Wikipedia Corpus Builder is a toolkit for creating clean (i.e. most content that usually are of little use for most NLP and IR tasks is removed) corpora from database snapshots of Mediawiki powered wikis. The Corpus Builder was created by Lars J. Solberg for his master thesis in 2012.

It is currently being updated and reworked in order to make it more usable for the public.

Old documentation

Table of Contents

Setup

The project is built and tested using Python 2.7. if you're accustomed to another version or lacking access to install dependencies try virtualenv.

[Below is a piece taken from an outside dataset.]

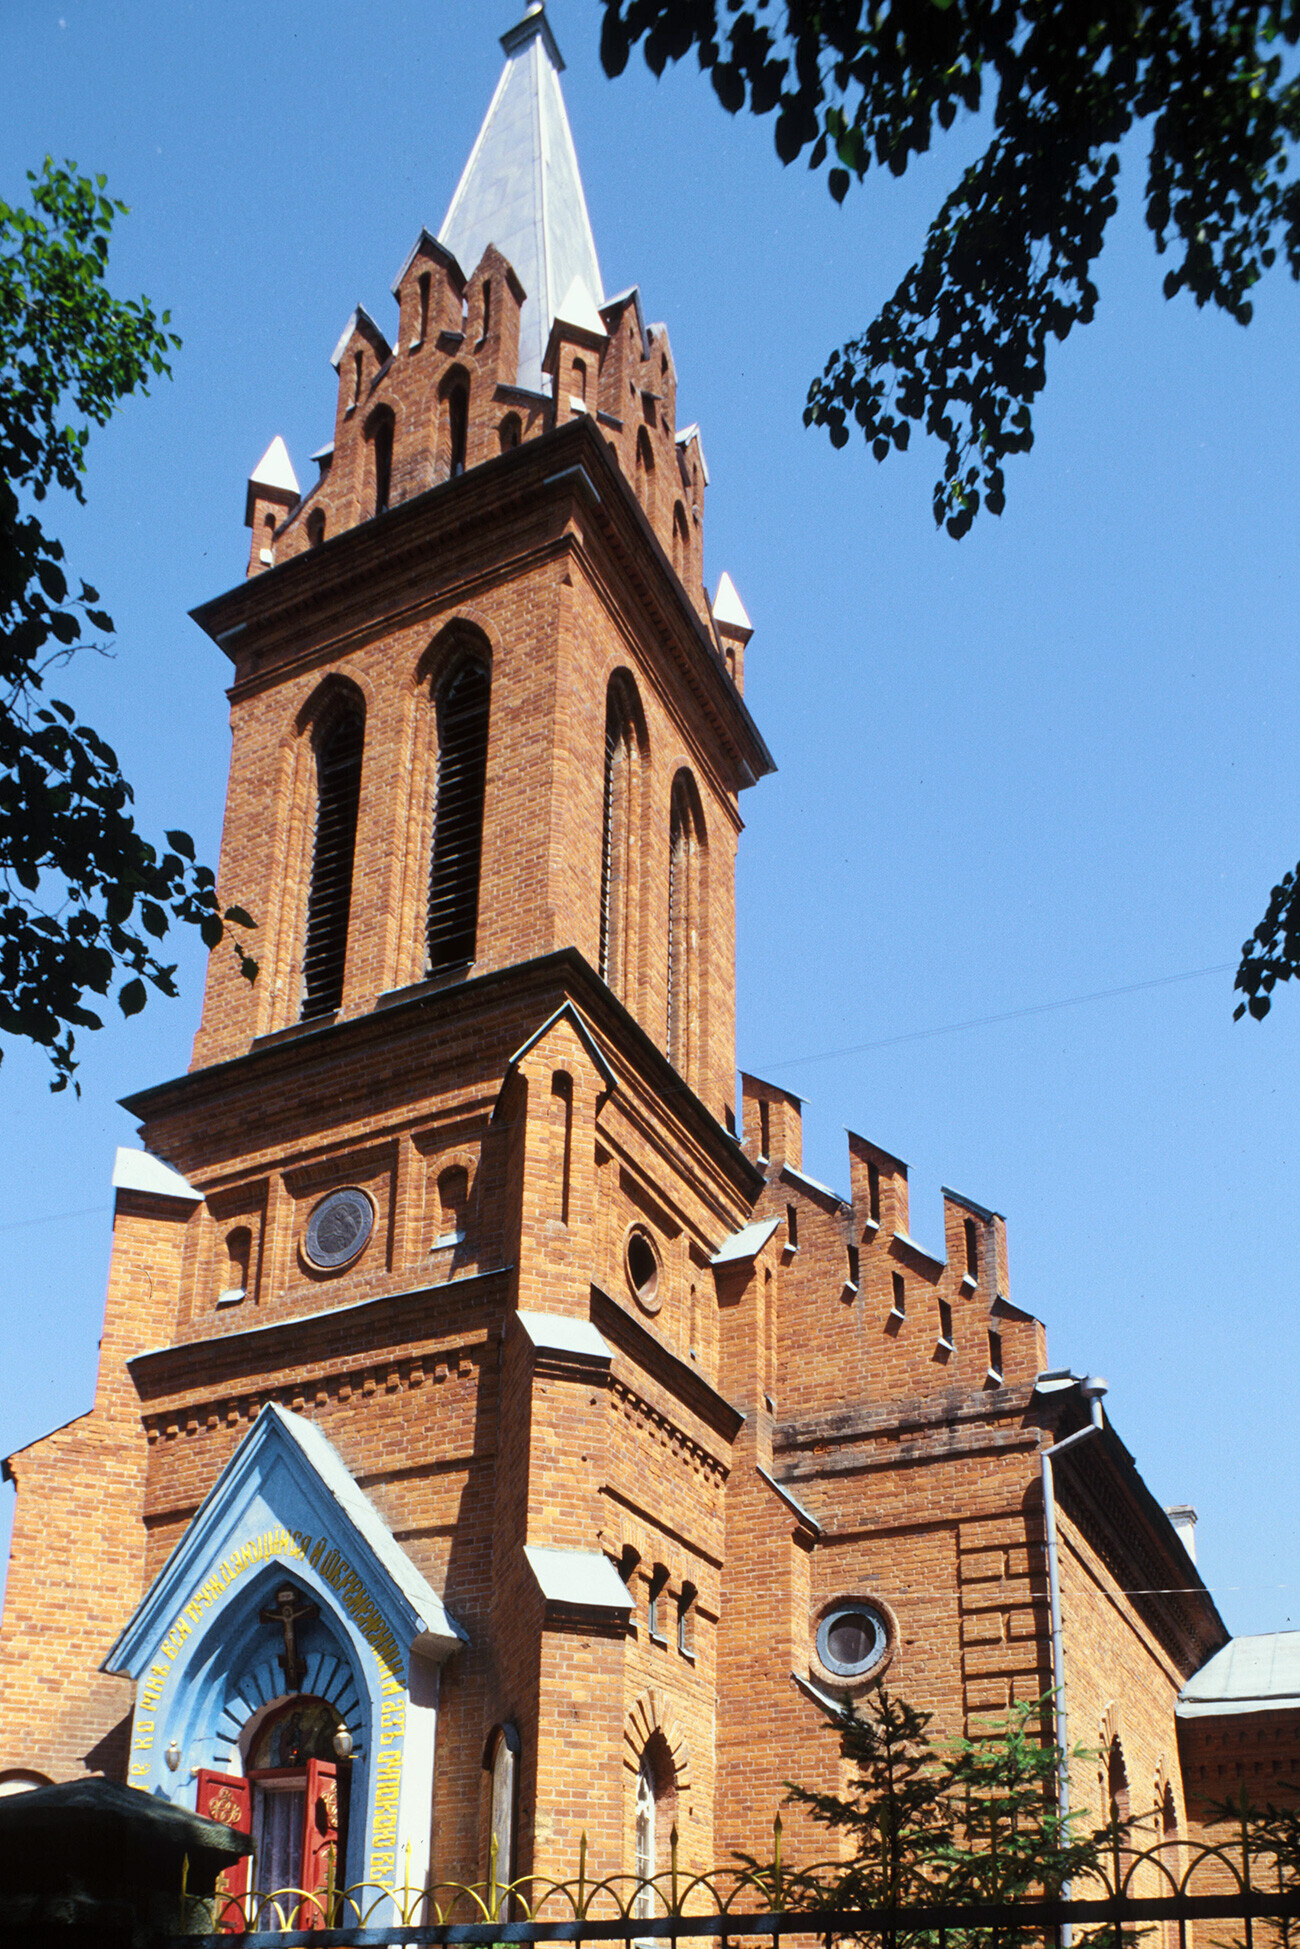 Ancienne église catholique de l’Annonciation construite en 1896. Le clocher a été ajouté en 1911. La paroisse a été fermée au culte en 1923. Transféré à l’Eglise orthodoxe dans les années 1940, le bâtiment est devenu cathédrale de l’Annonciation. Actuellement, c’est l’église de l’Archange Gabriel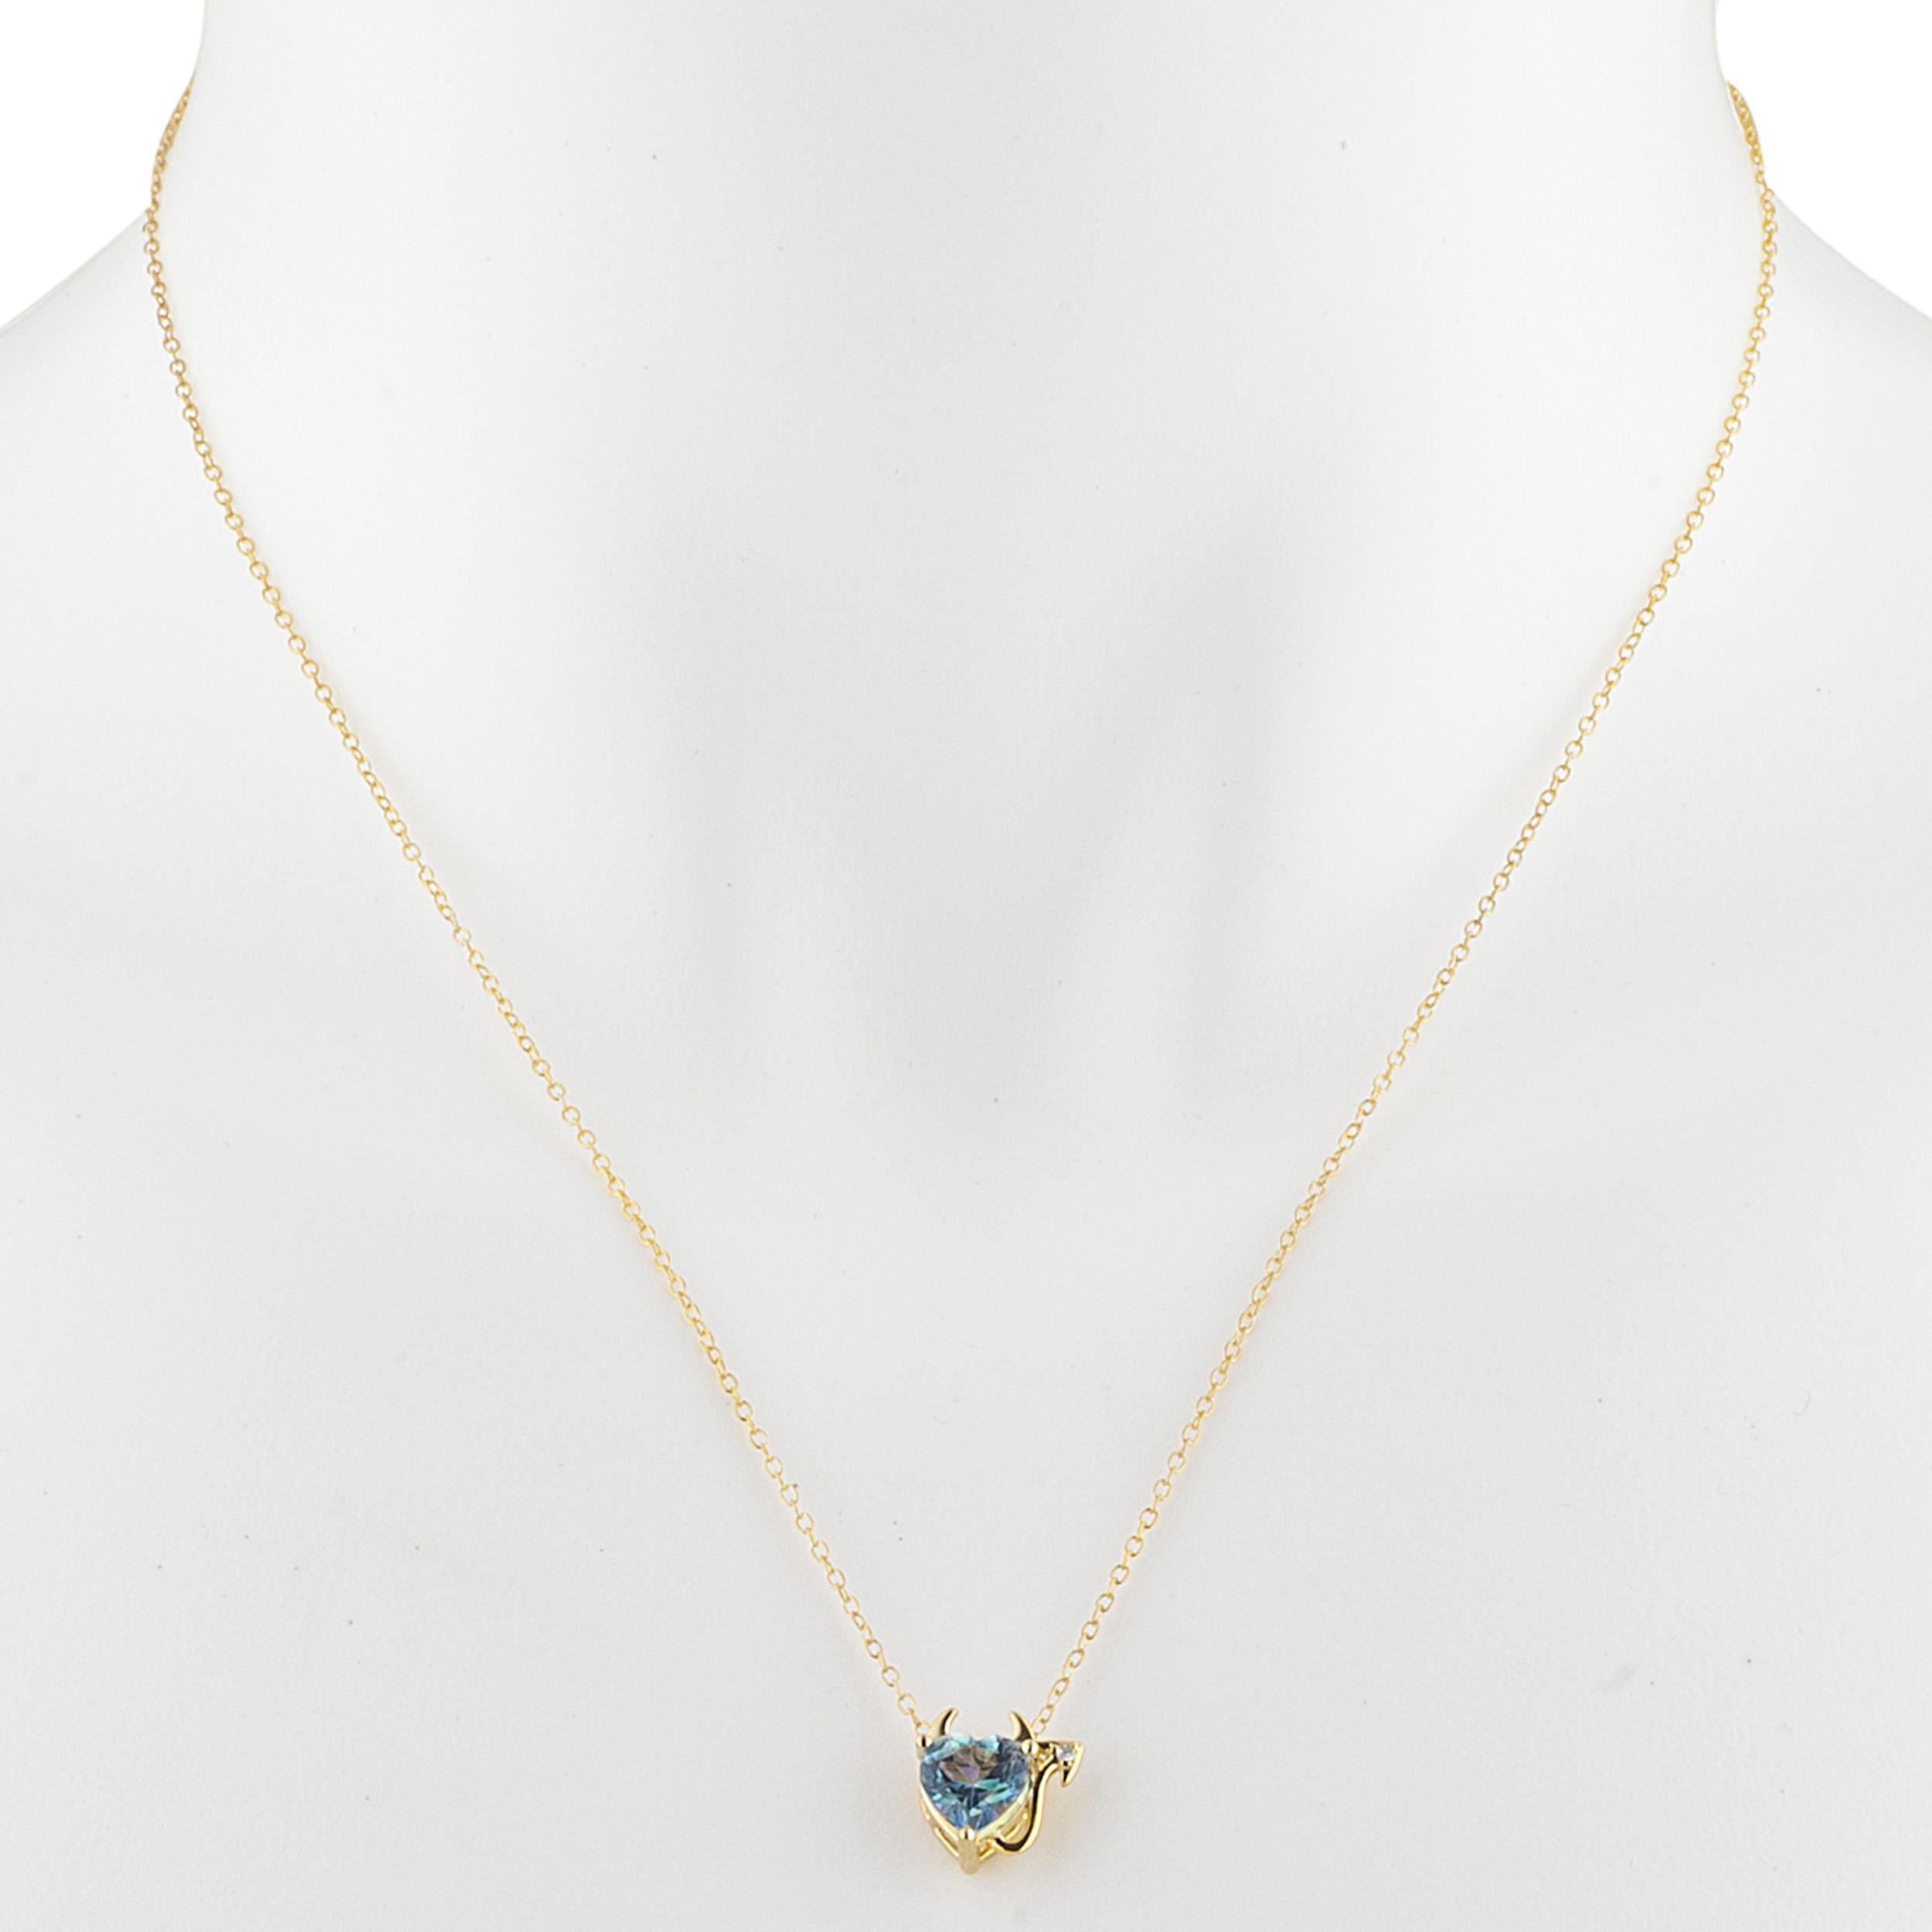 14Kt Gold 1.5 Ct Natural Blue Mystic Topaz & Diamond Devil Heart Pendant Necklace

You should have about 90GB of free space to download and parse a recent English Wikipedia dump:

  • ~60GB for extracting the downloaded snapshot (which is ~13GB)
  • ~20GB for the constant database built with mwlib
  • ~5GB for the parsed text generated by WCB

Dependencies

Installation:

  • pip install mwlib
  • pip install mwlib.cdb
  • Download and install sirlm using the instructions here
  • Installing tokenizer:
    1. cd /path-to-wcb/libs/tokenizer
    1. ./configure --prefix=/path-to-wcb/libs/tokenizer/build
    1. make && make install
    1. The executable tokenizer should now be in /path-to-wcb/libs/tokenizer/build/bin

Finally, copy tokenizer and ngram (from srilm) to /usr/local/bin or another path that is accessible from your shell.
If the command python -c 'from mwlib.cdb import cdbwiki' does not give any error message and your shell is able to find tokenizer and ngram (from srilm) you should be in good shape.

Known Issues

(On OS X) fatal error: 'timelib_config.h' file not found (see this issue), solution:
  1. pip download timelib which saves timelib zipped to your current folder
  2. extract the zip-archive and edit setup.py:
    # change the following
    ext_modules=[Extension("timelib", sources=sources,
                            libraries=libraries,
                            define_macros=[("HAVE_STRING_H", 1)])],
    # to this
    ext_modules=[Extension("timelib", sources=sources,
                            include_dirs=[".", "ext-date-lib"],
                            libraries=libraries,
                            define_macros=[("HAVE_STRING_H", 1)])],

Running on the English Wikipedia

The project comes with pre-configuration for the following snapshots.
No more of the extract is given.